Figure 7: With fine-grained hand refinement, SFGS corrects SMPL-X-induced hand artifacts, achieving anatomically realistic hand renderings.
Figure 8: Structure-aware color offset aligns fine tone and texture, accurately reproducing skin detail and surface variation in the rendered avatar.
Figure 9: Structure offset improves the reconstruction of the mouth, with better fine-feature alignment than baseline structure-agnostic approaches.
SFGS also achieves real-time rendering speeds (30 FPS at 800ร1200, RTX 4090), surpassing previous 3DGS methods and supporting practical deployment.

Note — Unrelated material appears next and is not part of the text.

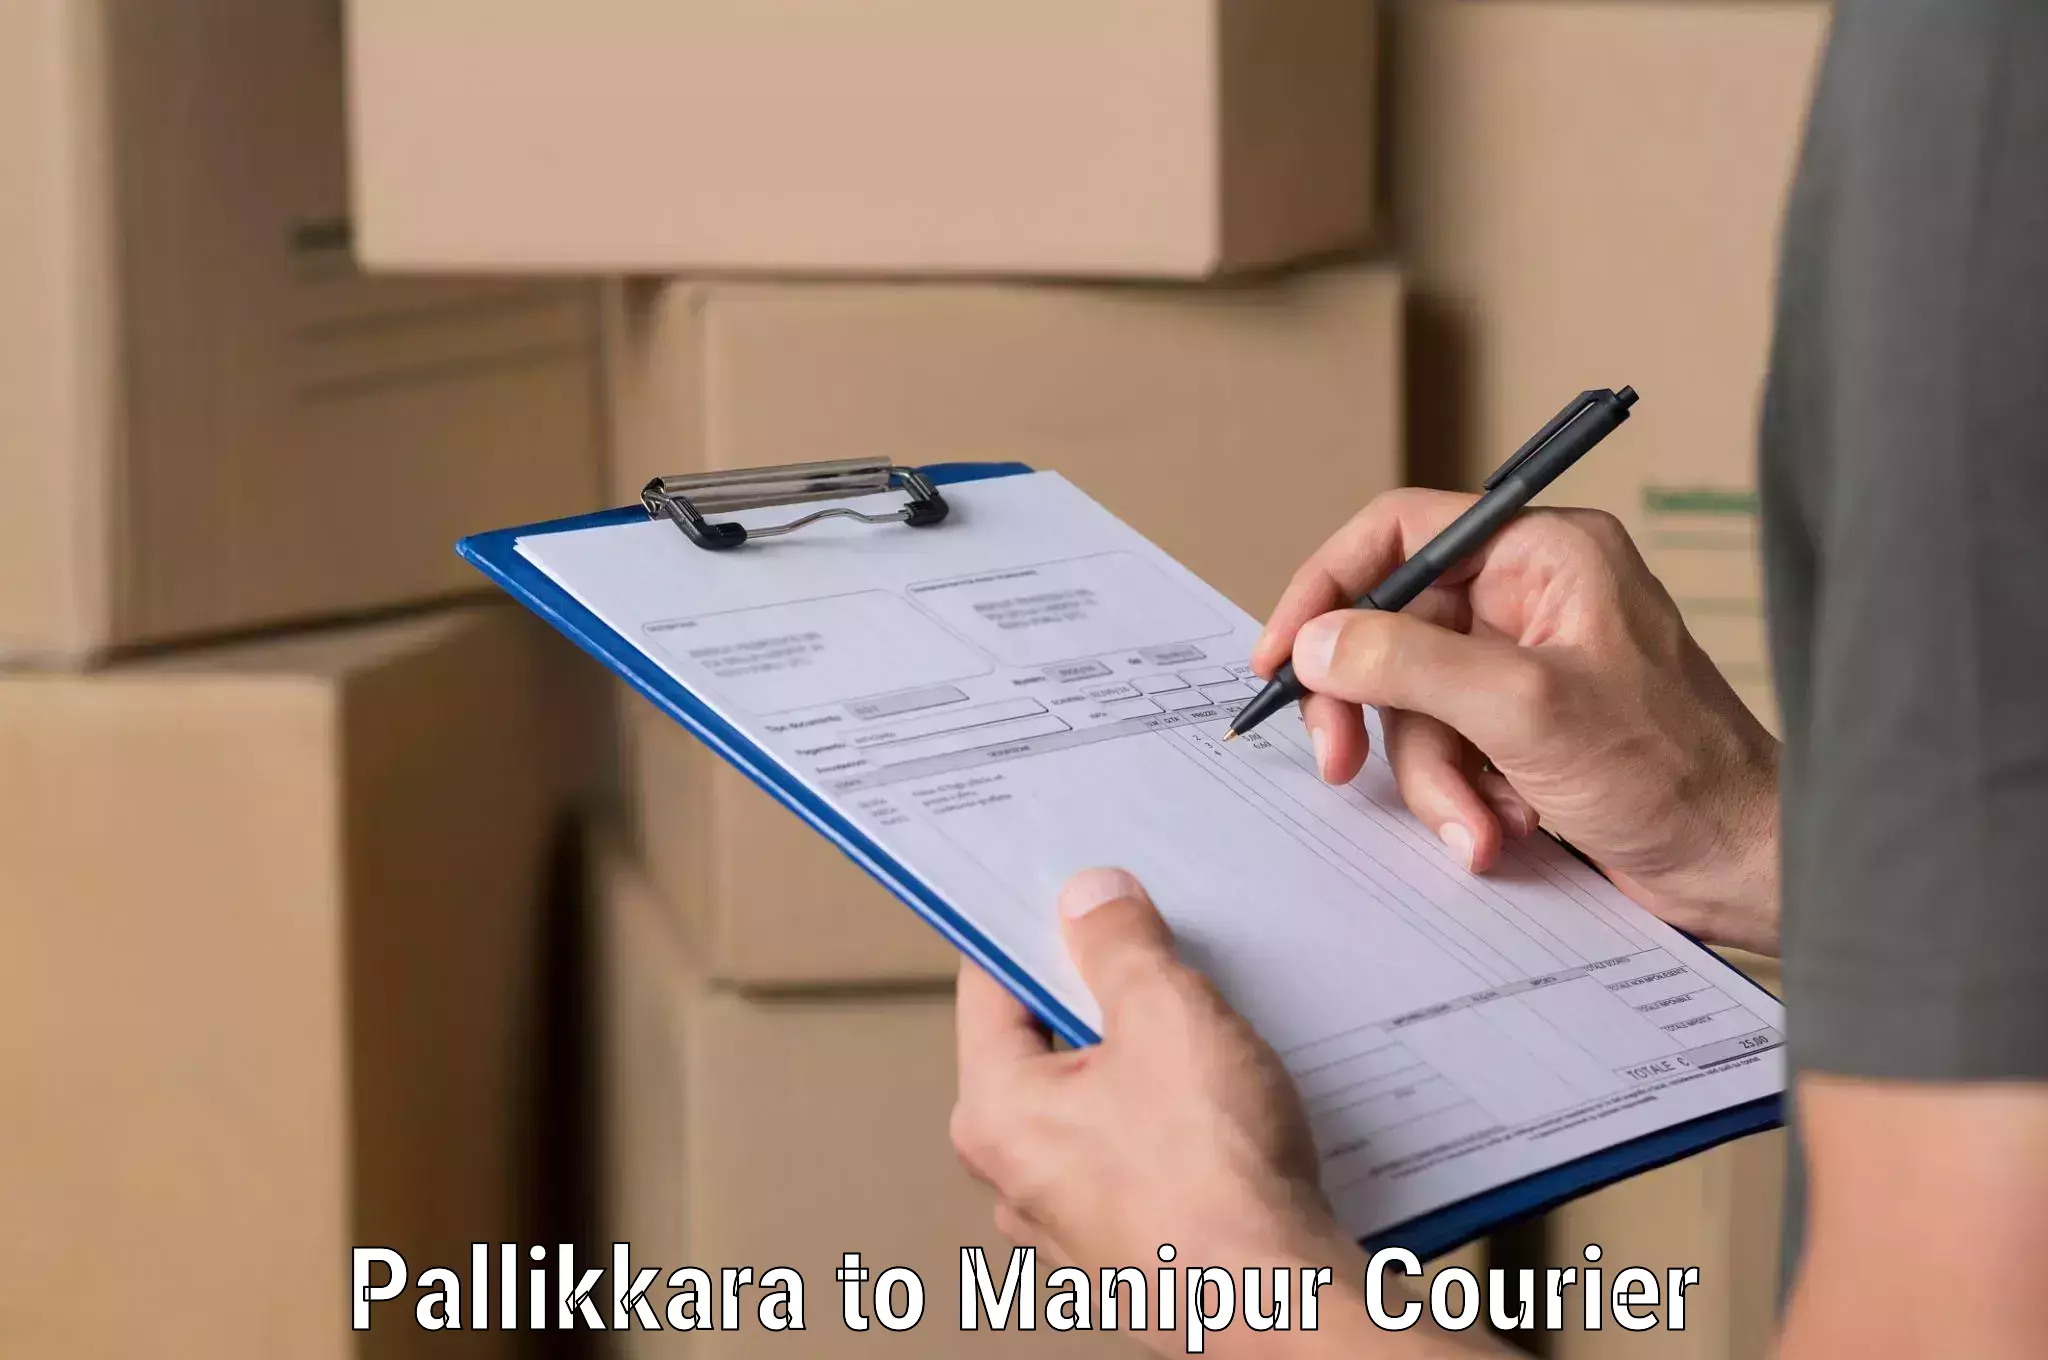 Reliable freight solutions Pallikkara to IIIT Senapati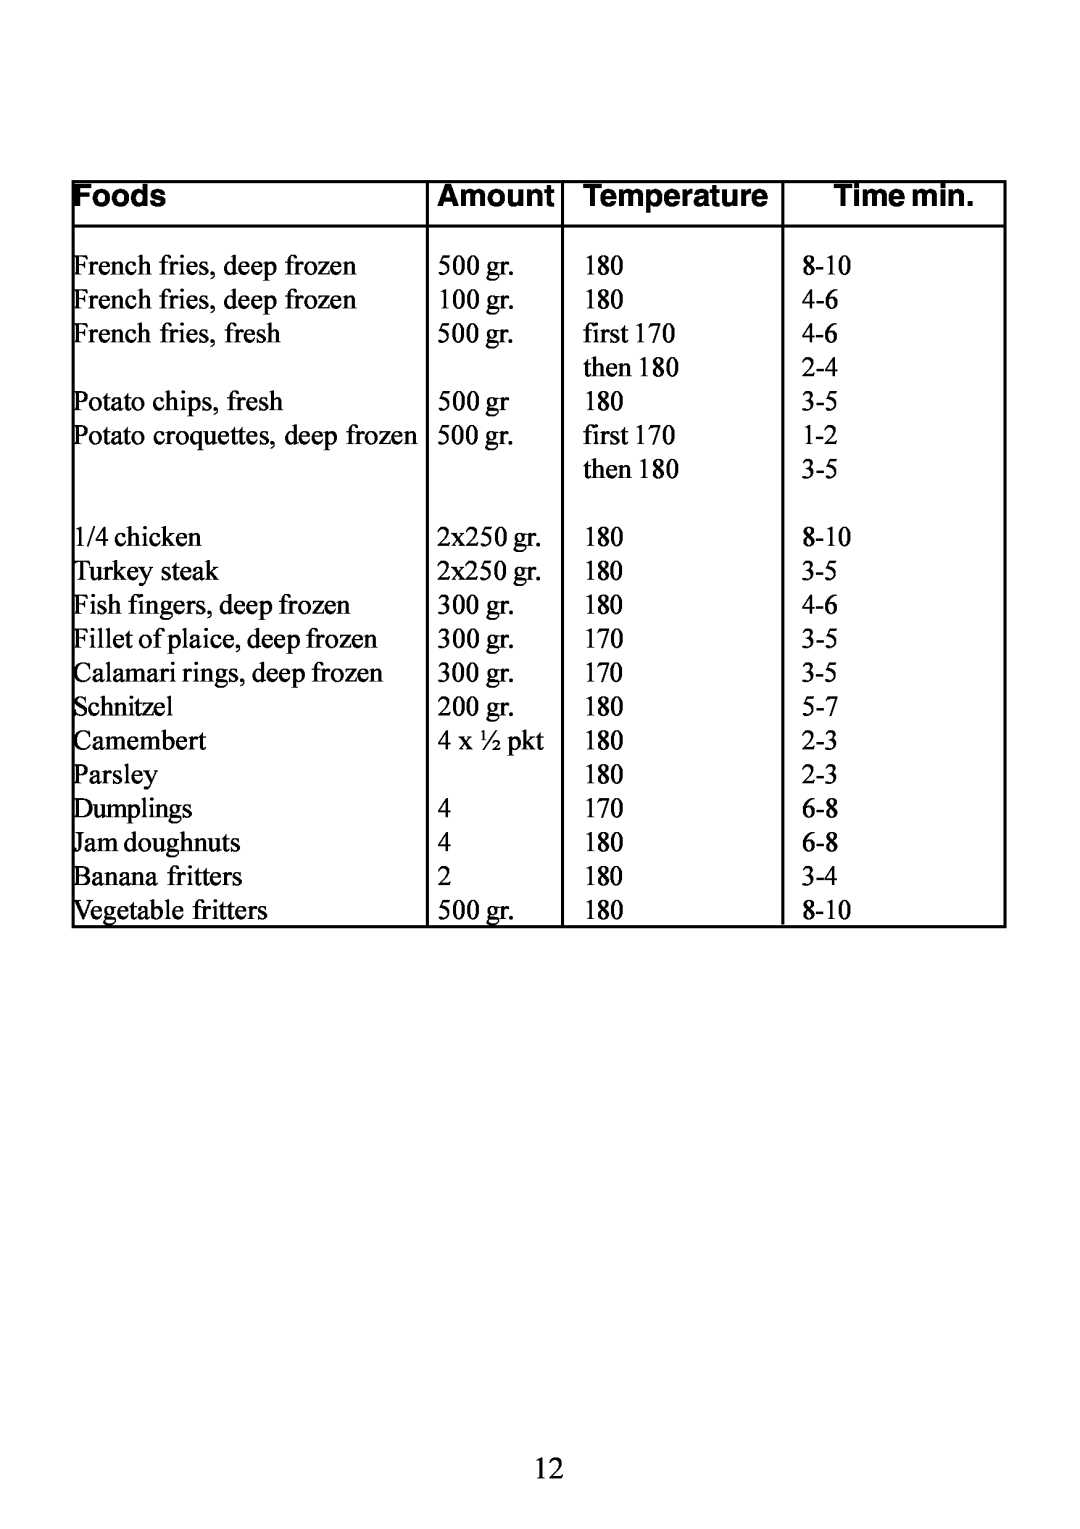 Electrolux 130 FG-m manual Amount, Temperature, Time min, Foods, Potato croquettes, deep frozen

Implications and Future Directions
The SFGS methodology marks a notable advance in high-fidelity, expressive human avatar rendering from monocular signals. The direct association of Gaussians to anatomical joints and the part-specific MANO refinement set the stage for scalable, edit-friendly avatar systems that maintain high anatomical accuracy across varying articulations and challenging motion scenarios.
The singularization of fine-grained, part-aware corrections (especially for the hands) addresses a persistent deficiency in human digitization systems, directly impacting applications in telepresence, motion analysis, animation blending, and digital actor creation. The ability to render avatars with both anatomical consistency and temporal coherence facilitates downstream tasks such as retargeting, interactive editing, and real-time interaction with plausible expressiveness.
Future research may expand the point density or adaptive upsampling to better address topologically challenging regions (such as elaborate garments or body types with broad geometry) and leverage sketch, text, or multimodal input for motion control or conditional generation, integrating with developments in generative and diffusion models.
Conclusion
SFGS presents a comprehensive, anatomically and structurally grounded approach to monocular human avatar reconstruction. By leveraging pose-aware deformation, HexPlane temporal conditioning, and specialized hand refinement, it establishes a pipeline for the production of photorealistic, expressive, and temporally coherent avatars with real-time performance. Its improvements in fine-detail recovery and per-part accuracy have clear implications for interactive applications and further study in controllable, generalizable avatar modeling (2604.09324).